Where I live we have drainage ditches on the sides of the country roads that link to the river. You would not believe the amount of garbage that I clear from mine. Nearest McD is about 15 miles away so the little darlings must carry them in the car for a while before they throw them out.

A while ago drink of choice was red bull now it seems it's fosters.

Our village does an annual cleanup and the school is involved now, fingers crossed that new generation will learn something.

Ian


----------



## Cazzie (Feb 13, 2009)

Its not just the youngsters who discard litter. A friend of mine who is now in her eighties would quite happily throw her used tissues on the ground until I asked her if she would like other people doing it on her property.We're still friends. :lol: :lol: 

Cazzie


----------



## Easyriders (May 16, 2011)

Agree with everything you say, Grath. This has become a throwaway society, and sometimes there seems no choice - many items are not made to be repaired, and have to be replaced instead. And recycling is all very well, but reusing was better!

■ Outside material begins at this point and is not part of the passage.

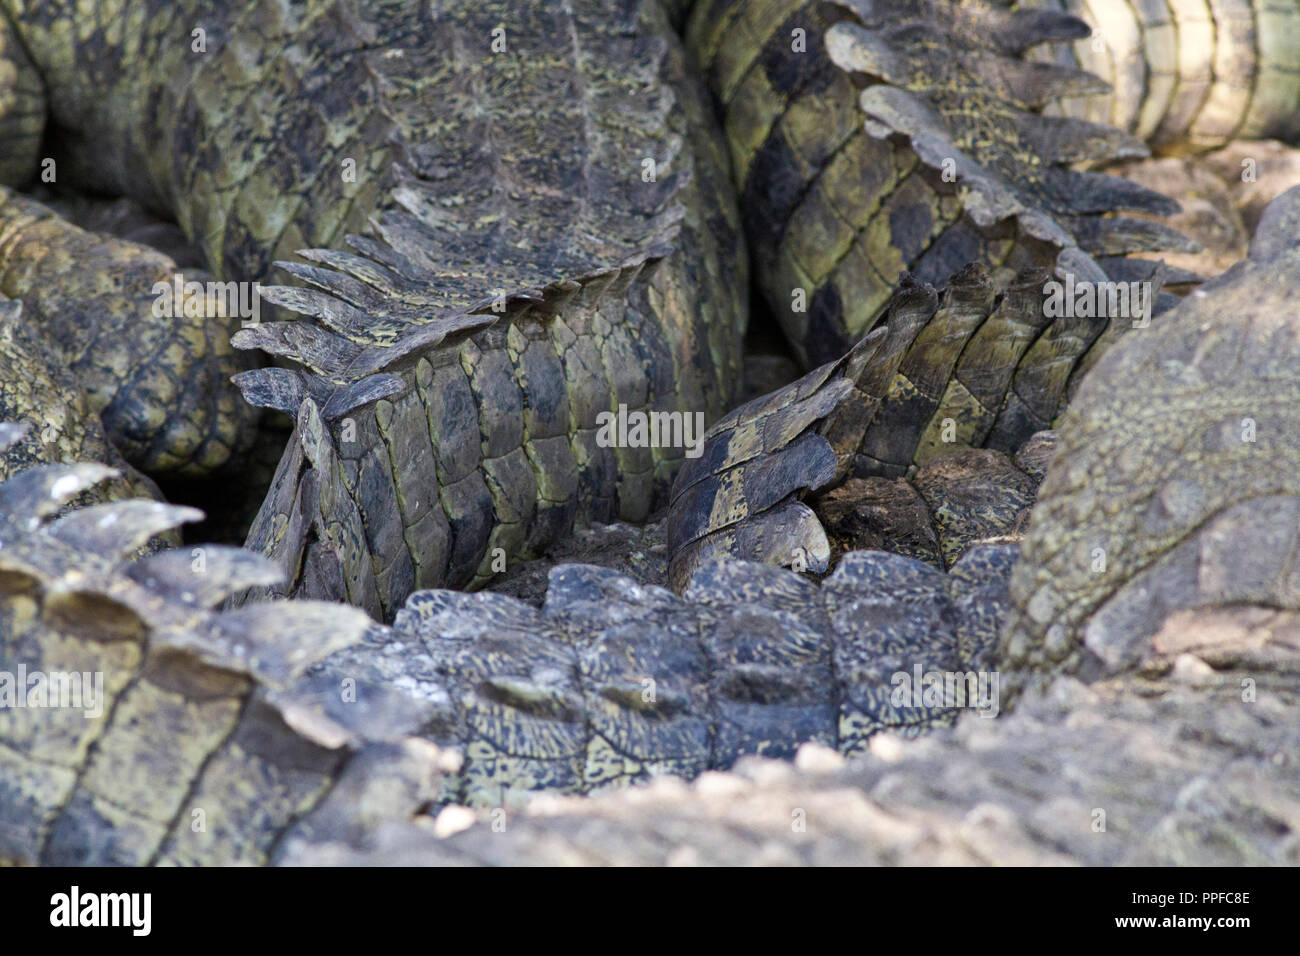 Wenn Höhlen gegraben werden dann Gruppen von Krokodilen in schattigen Bereichen häufen sich vor dem Austrocknen in der Sonne zu schützen, verbrachte Wochen Stockfoto

That cashier was so rude! Also, pretty stupid. Ok, reusing plastic carrier bags is a good idea, but it would be a better idea if supermarkets stopped wrapping everything in plastic. What is the point of wrapping a cabbage or a cucumber in plastic?

And why can't I buy unwashed potatoes and carrots any more? They kept for ages. Now carrots have to be kept in the fridge, wasting energy, and if you don't use them quickly, get thrown out - more waste.

I have complained over the years about all these matters, but it has made no difference. Feeling virtuous because you've reused a carrier bag is all very well, but it really is a drop in the ocean.


----------